Is this still going ahead on Sunday Darren?


----------



## DRW (Jan 23, 2019)

John, think I will say at the moment I will give it a miss for this weekend given the current weather conditions(snow and freezing!). If the weather improves will PM you and see if you are still up for a game and hopefully get something arranged.

For information, just looked at the tee times, the only ones available to members that I can book up are from 12.06(there are loads available between 9.30 to 12.00 but cant book them as they are only for visitors apart from on the day bookings from members).

Hopefully we will get a game, as giving up the membership soon and be nice to catch up.


----------



## Green Bay Hacker (Jan 23, 2019)

DRW said:



			John, think I will say at the moment I will give it a miss for this weekend given the current weather conditions(snow and freezing!). If the weather improves will PM you and see if you are still up for a game and hopefully get something arranged.

For information, just looked at the tee times, the only ones available to members that I can book up are from 12.06(there are loads available between 9.30 to 12.00 but cant book them as they are only for visitors apart from on the day bookings from members).

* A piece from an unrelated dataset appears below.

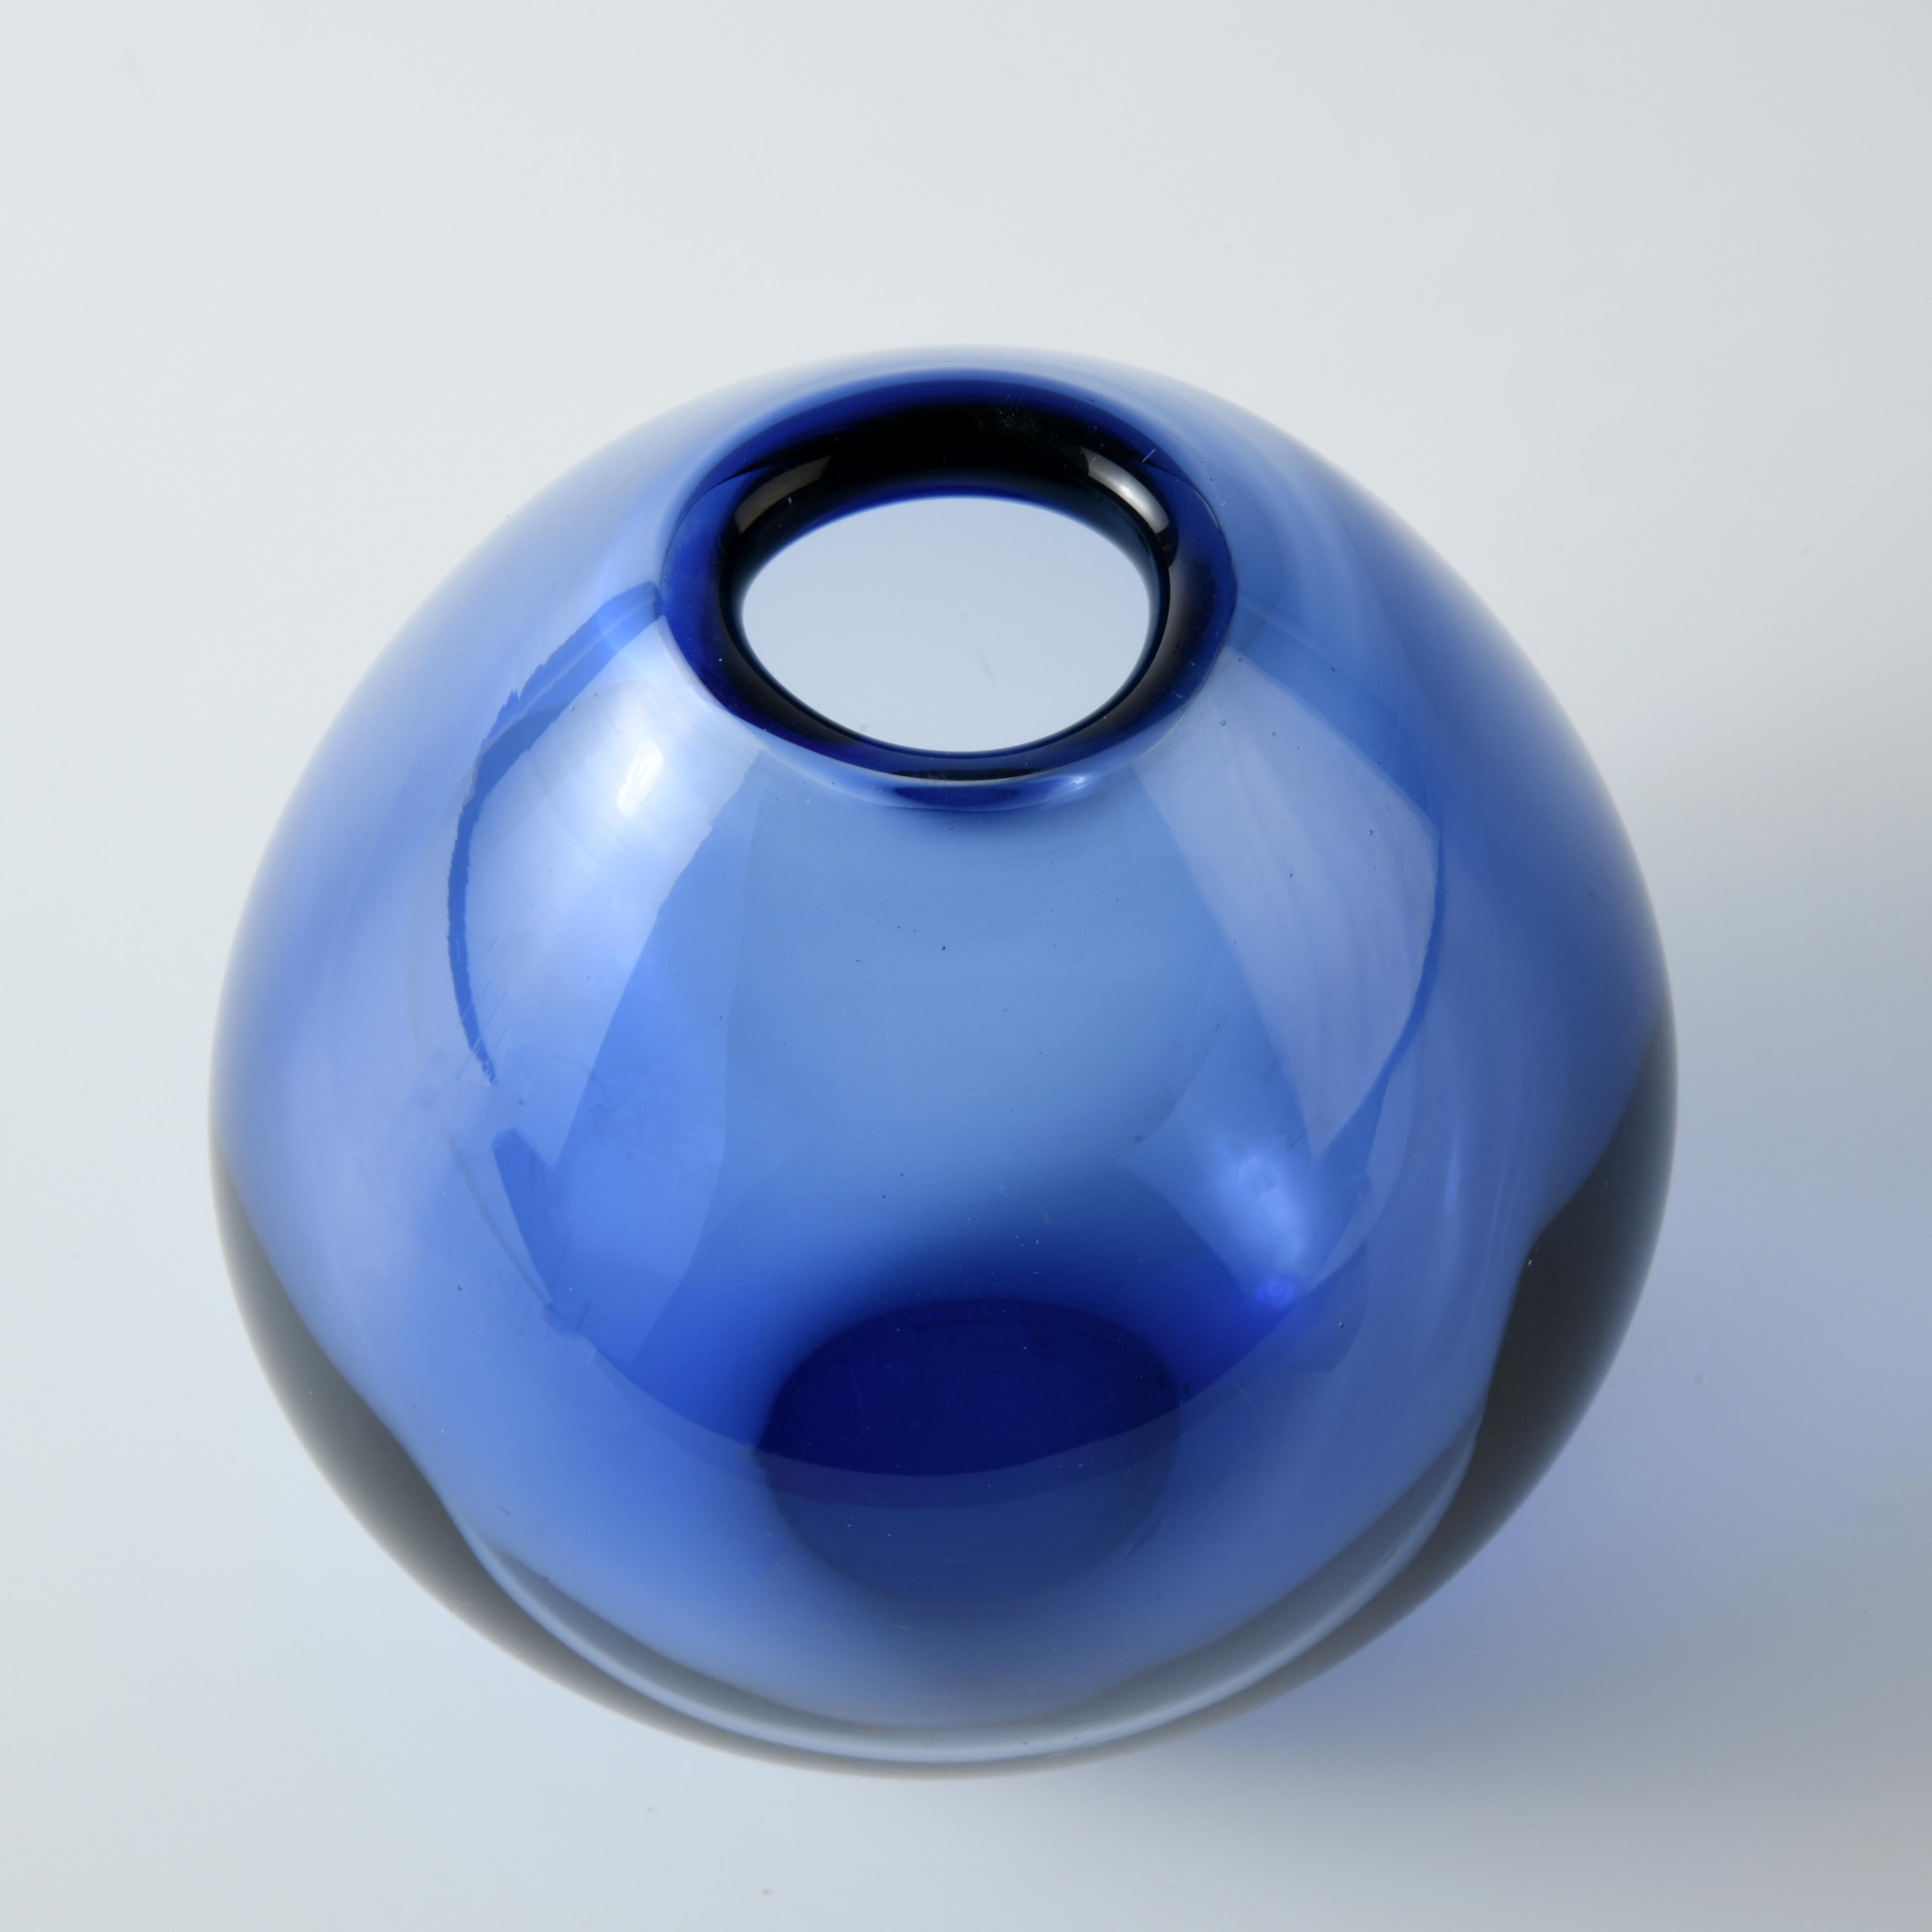 Mid-20th Century Vintage Danish Blue Glass Drop Vase by Per Lutken for Holmegaard For Sale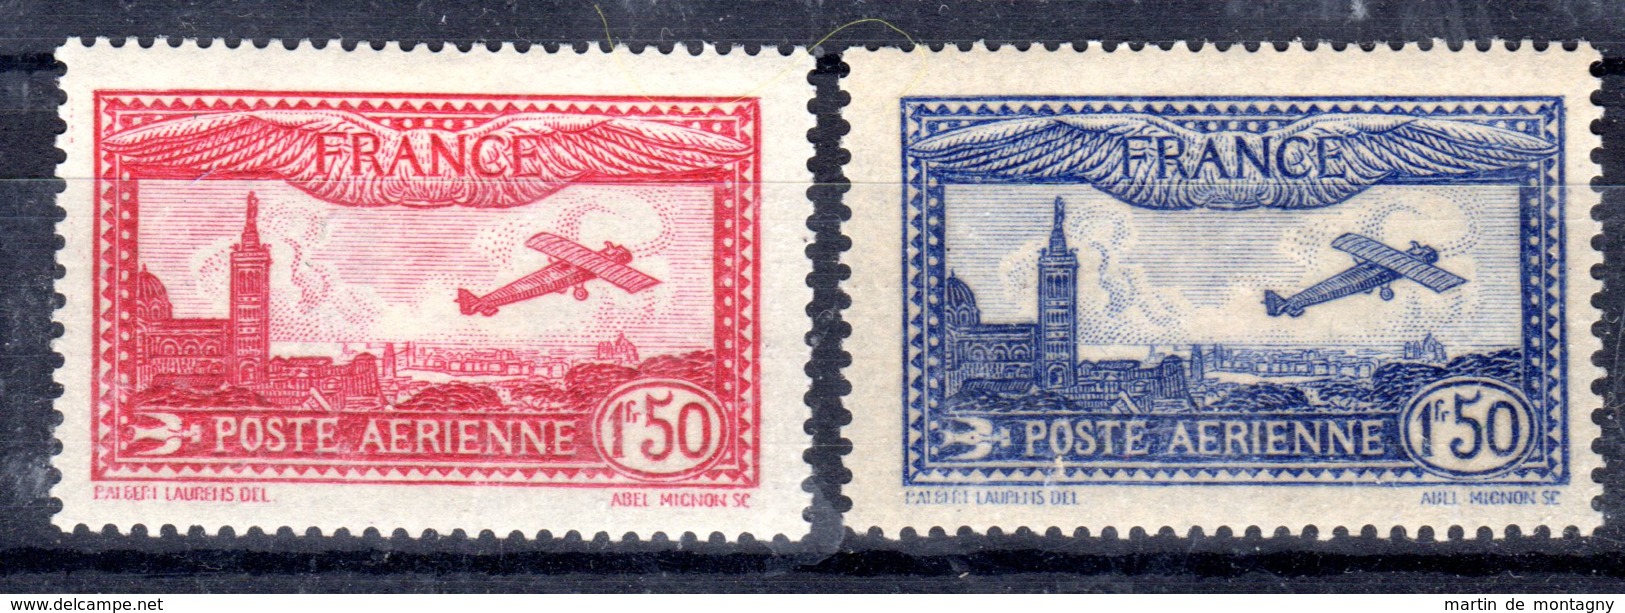 8.6.1930 Und 11.11.1930; Flugpostmarken; Mi-Nr. 251 + 255, Ungebraucht *, Los 50915 - 1927-1959 Nuovi

Hopefully we will get a game, as giving up the membership soon and be nice to catch up.
		
Click to expand...

Thanks Darren.
Yes, weather is a bit iffy at the moment, although on the coast we have pretty much got away with it up to now.
Is it the end of March that you will be giving up your membership?


----------



## DRW (Jan 23, 2019)

Yeah end of march is the finish, already given notice to the club.


----------



## Hornwood (Jan 25, 2019)

Thanks Darren.


----------